Run 1.5 miles in my shoes!

To celebrate Super Tuesday, I decided to do a Super Workout with all three triathlon elements. One agonizing discipline for each of the three top Republican candidates, in a way. There’s a parallel there somewhere.

I started with 20 minutes of  a modified interval spin (biking) – alternating 2 minutes of high cadence, low resistance spinning with 2 minutes of a slower, higher resistance period. Twenty minutes later, I staggered off the bike and did some stretches because I have been getting calf cramps on the treadmill after I bike – which makes no sense. You would think calves have little involvement in biking, so I don’t know what the heck their problem is.

Then I silently screamed during the first 2 minutes on the treadmill – because I could suddenly feel every single tendon and muscle in my knees and they were all saying…well, I can’t say what they were saying, it’s completely inappropriate for a family-oriented, uh, community blog. Bad words were what they are saying.

And as usual, after the first 5 minutes I was ready to be done. I hate this part with the white-hot intensity of a thousand suns. I think about how I am too old to need the character-building that comes with doing something you detest for 20 minutes. I distract myself by thinking about “worse things” – childbirth is always pretty high on the list. Mammograms, although those tend to be mercifully brief. Cleaning bathrooms used primarily by the male of the species. Cat puke. Newt Gingrich. I pondered why Google Calendar can’t send reminders to a Google Group. I wondered if the reason Viagra can be covered by health insurance, but birth-control isn’t, is because Viagra is not male birth control. I tried to figure out why Mitt Romney’s voice and speaking style creeps me out to the point that I can’t listen to what the man is saying. Hey, it was Super Tuesday, after all.

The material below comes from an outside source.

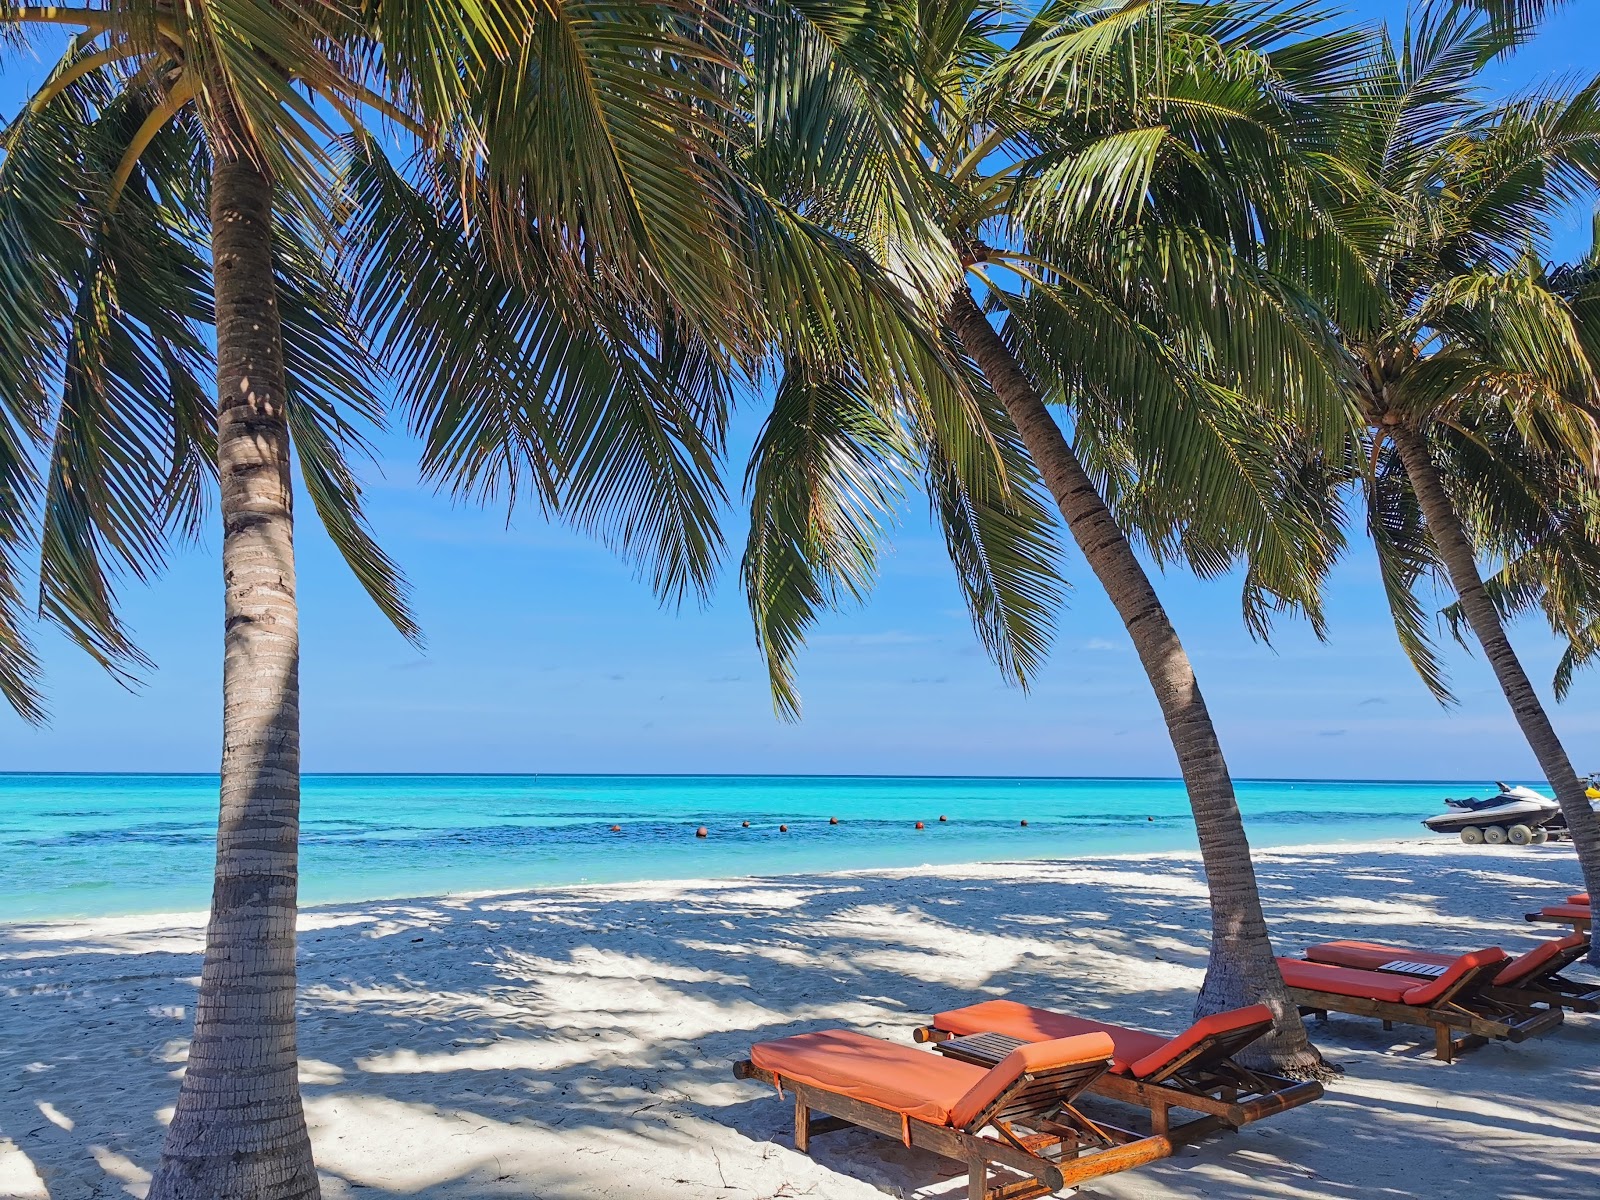 Zdjęcie Club Med Kani island z przestronna plaża
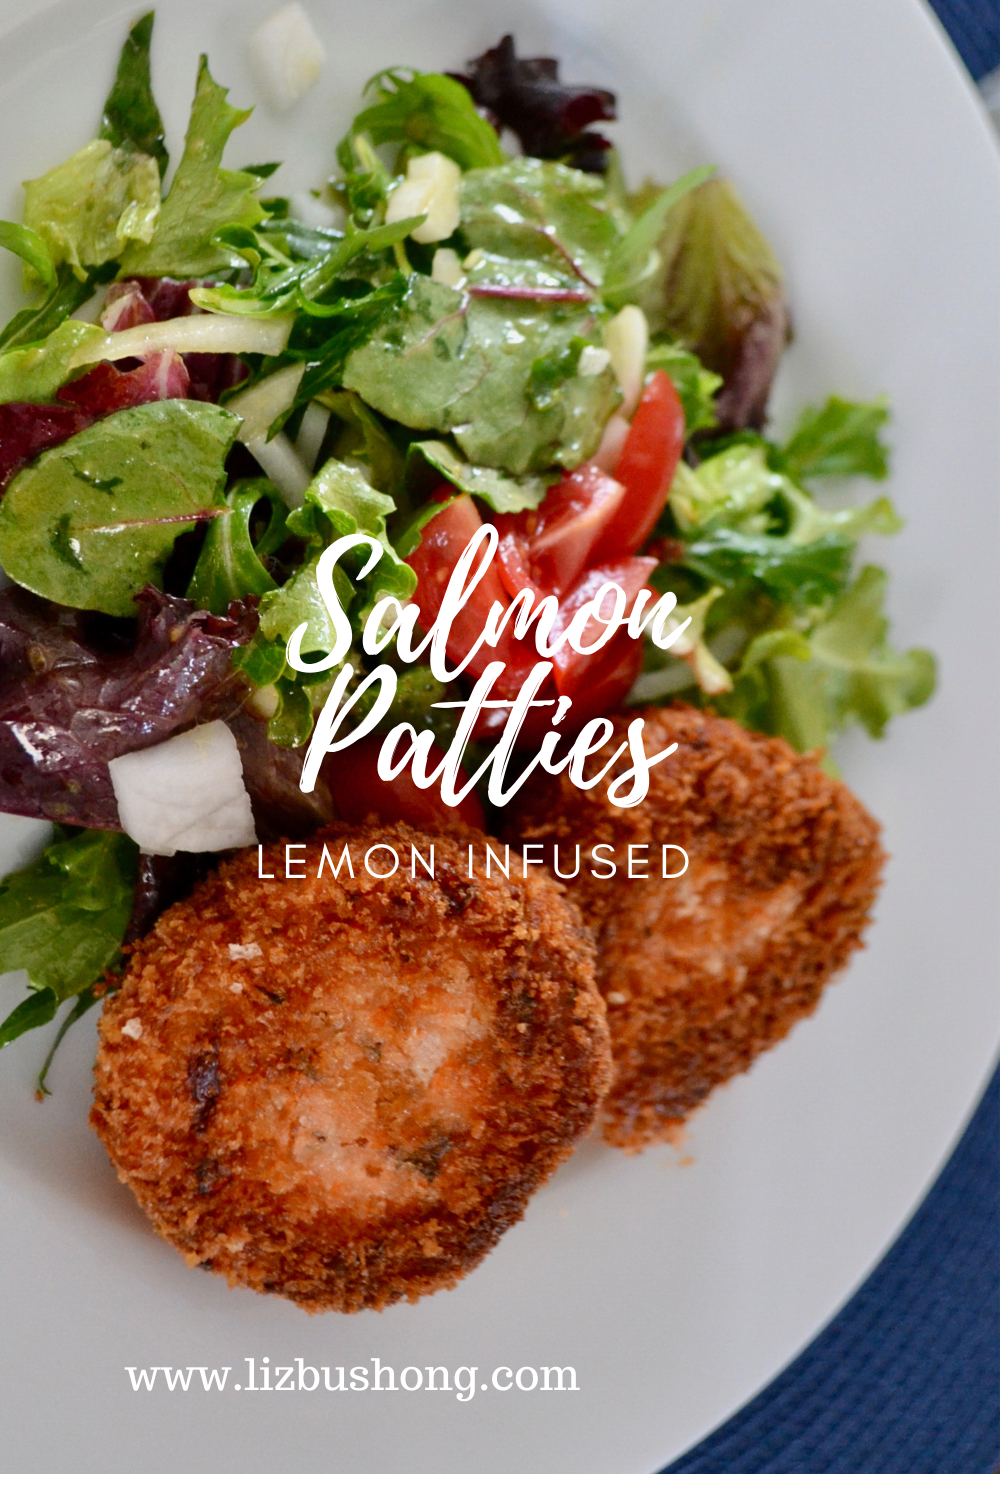 Lemon Infused Salmon Patties Recipe lizbushong.com

None of it helped. I watched the minutes tick away while Bono told me he would follow, Pink raised her glass, and Eminem told me that I own it and I better never let it go, and I heaved a sigh of sweaty relief after 20 minutes and 1.45 miles. I complained to Darth how much I hate running (an important part of the training, right?) and went through the rest of the program of stretches, cable pulls, body bar, abs and my favorite part – laying flat on my back on the mat, not moving, contemplating the ceiling.

Partner in Crime picked me up at 7:30 that night for lap swim. I tried the aquatic version of intervals – alternating 2 laps breast-stroke and 2 laps freestyle (my own quirky version, freestyle arms with breast-stroke kick) for 30 laps in the deep end (1/4 mile). My time was under 15 minutes – no improvement there – but I managed more freestyle laps than ever, so that was good. Really good, actually. Maybe it was Super Tuesday after all.